Using Technology to Close the Delivery Gap
How to fix the divide from delivery to billing
by Wayne Bailey

Closing the gap between delivery and billing is a big challenge for home medical equipment (HME) businesses.

Traditionally, vital information, including order verification, inventory reconciliation and compliance documentation, is collected and forwarded hours or even several days after delivery is complete. Post-delivery processing increases the time to billing, and the lag time can increase the possibility of errors.

Ideally, billing would begin upon delivery to the client. If order validation, compliance documentation and inventory reconciliation occur in real time, at the point of delivery, billing information is ready to go.

Unfortunately, this rarely happens. Most HME providers are using outdated or simplified software that doesn’t provide the technology they need to close the delivery-to-billing gap.

This lack of technology means that billing takes longer to start, and claims are more frequently denied due to lack of information and/or incorrect information. This can result in the following errors:

 

  • Missing or incomplete documentation causes late filing and more write-offs—When a delivery is made, the documentation must be airtight. Of course, most drivers aren’t thinking about billing; they are thinking about the next delivery. This means they may provide the billing department with missing or incomplete documentation. Documentation must be complete and correct before billing can begin, creating the need for delivery drivers to return to the patient, sometimes numerous times, to gather missing forms and/or correct mistakes.
     
  • Serial number errors can cause denials—This is a simple mistake that happens every day. The driver writes down the serial number of the item they delivered. But because they are in a hurry, they write “7” instead of “5.” Or the driver has messy writing, and the billing team reads “7” instead of “2.” The room for error is huge, and the consequence is a denied claim. Such a small mistake can mean the difference between getting paid and getting denied.
     
  • Drivers take too much time getting delivery documents to billers—Drivers are hired to drive. They don’t consider billing as part of their job description, which is why it can be so difficult to wrangle delivery documents from them. Documents can go missing or simply not be submitted to the office until days after a device is delivered. Sometimes, during the rush of a workday, documents get put in pockets or stuffed between seats, causing even longer delays in filing claims.
     
  • Items are not electronically logged or properly documented—A driver may have multiple items to deliver to one address, and without electronic logging and documentation, each individual item is an opportunity to make a mistake that will delay invoicing and payment. The driver may get four out of five documents correct, but the fifth item cannot be reimbursed until all documentation is perfect.

The bottom line is when billing does not begin at the point of delivery, the process is already compromised. Paper-based documentation systems are outdated and can undermine an HME provider’s bottom line. In today’s HME business atmosphere, the margins no longer exist to support slow, inaccurate, paper-based delivery systems.

Using Technology to Close the Delivery-to-Billing Gap

HME businesses should ensure their delivery systems include technology that will decrease time to billing.

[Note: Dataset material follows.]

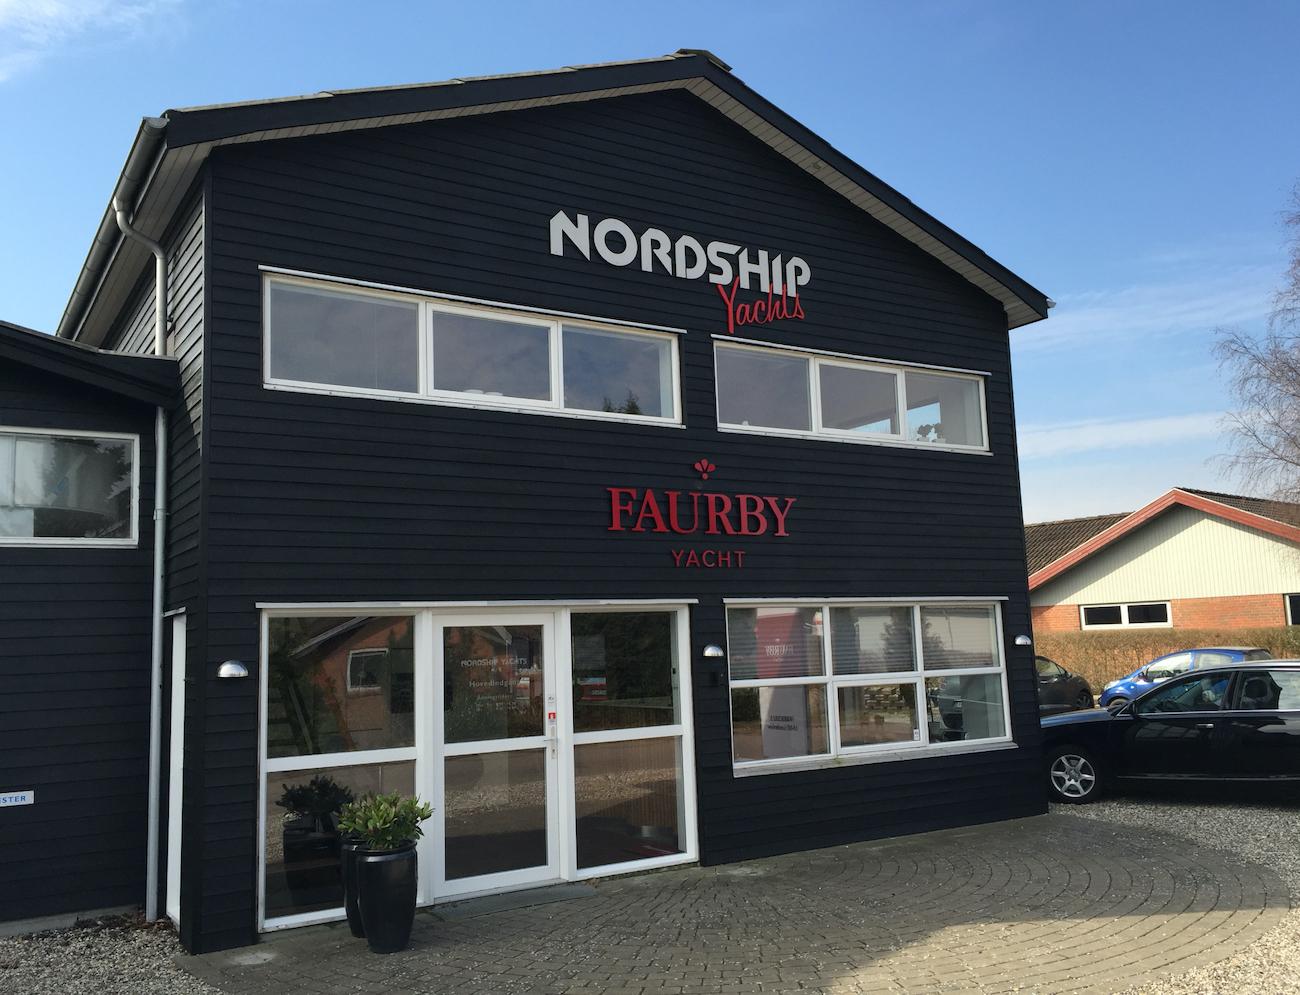 Nordship headoffice

Delivery verification and billing should be virtually simultaneous.

The benefits of a technology-driven delivery process include:
 

  • Fewer write-offs due to missing information and past-timely filing
     
  • Fewer denials with automatic serial number reconciliation
     
  • Faster billing because the synchronized system allows instantaneous transfer of delivery documents from drivers to billers
     
  • Faster audit response because every delivery is electronically logged and properly documented
     

Technology can improve workflow across various corners of an HME business. HME providers who use the latest technology systems will close the delivery-to-billing lag time and improve their margins. Software that offers an integrated billing system impacts every department, streamlining operations and improving efficiency across the business. For example:
 

  • Drivers—If the driver uses an automated system at delivery, there is no need to write down serial numbers and barcodes. Documents can be confirmed, time stamped and signed electronically. If everything is transmitted electronically on-site at the point of delivery, no paper documents need to be scanned upon return, and no paperwork needs to be completed at the office.
     
  • Billers—If the driver initiates billing at the point of delivery, the biller doesn’t have to wait to receive essential paperwork, which is often prone to incorrect or missing information. If this process occurs upon delivery, the biller has access to the necessary delivery confirmation, required signatures and serial numbers so they can immediately initiate invoicing.
     
  • Warehouse managers—Warehouse managers will benefit from electronic delivery route mapping, which automatically optimizes routes. Technology-driven delivery processes are tied to inventory control, which provide the warehouse with automatically updated inventory totals after delivery. Using scanners, inventory is always updated in real time on trucks, in warehouses and at the store.
     
  • Customer service representatives—Finally, the people most often fielding calls from frustrated or inquisitive customers can also have access to real-time information, including date and time of delivery and the bill generated at that point. Customer service representatives often waste far too much time trying to track down drivers for the updates customers request.
     

When most of the action occurs at the point of delivery with easy, automated software, there is little room for error or costly mistakes. In this way, technology is the key to closing the delivery-to-billing gap and improving margins for HME providers.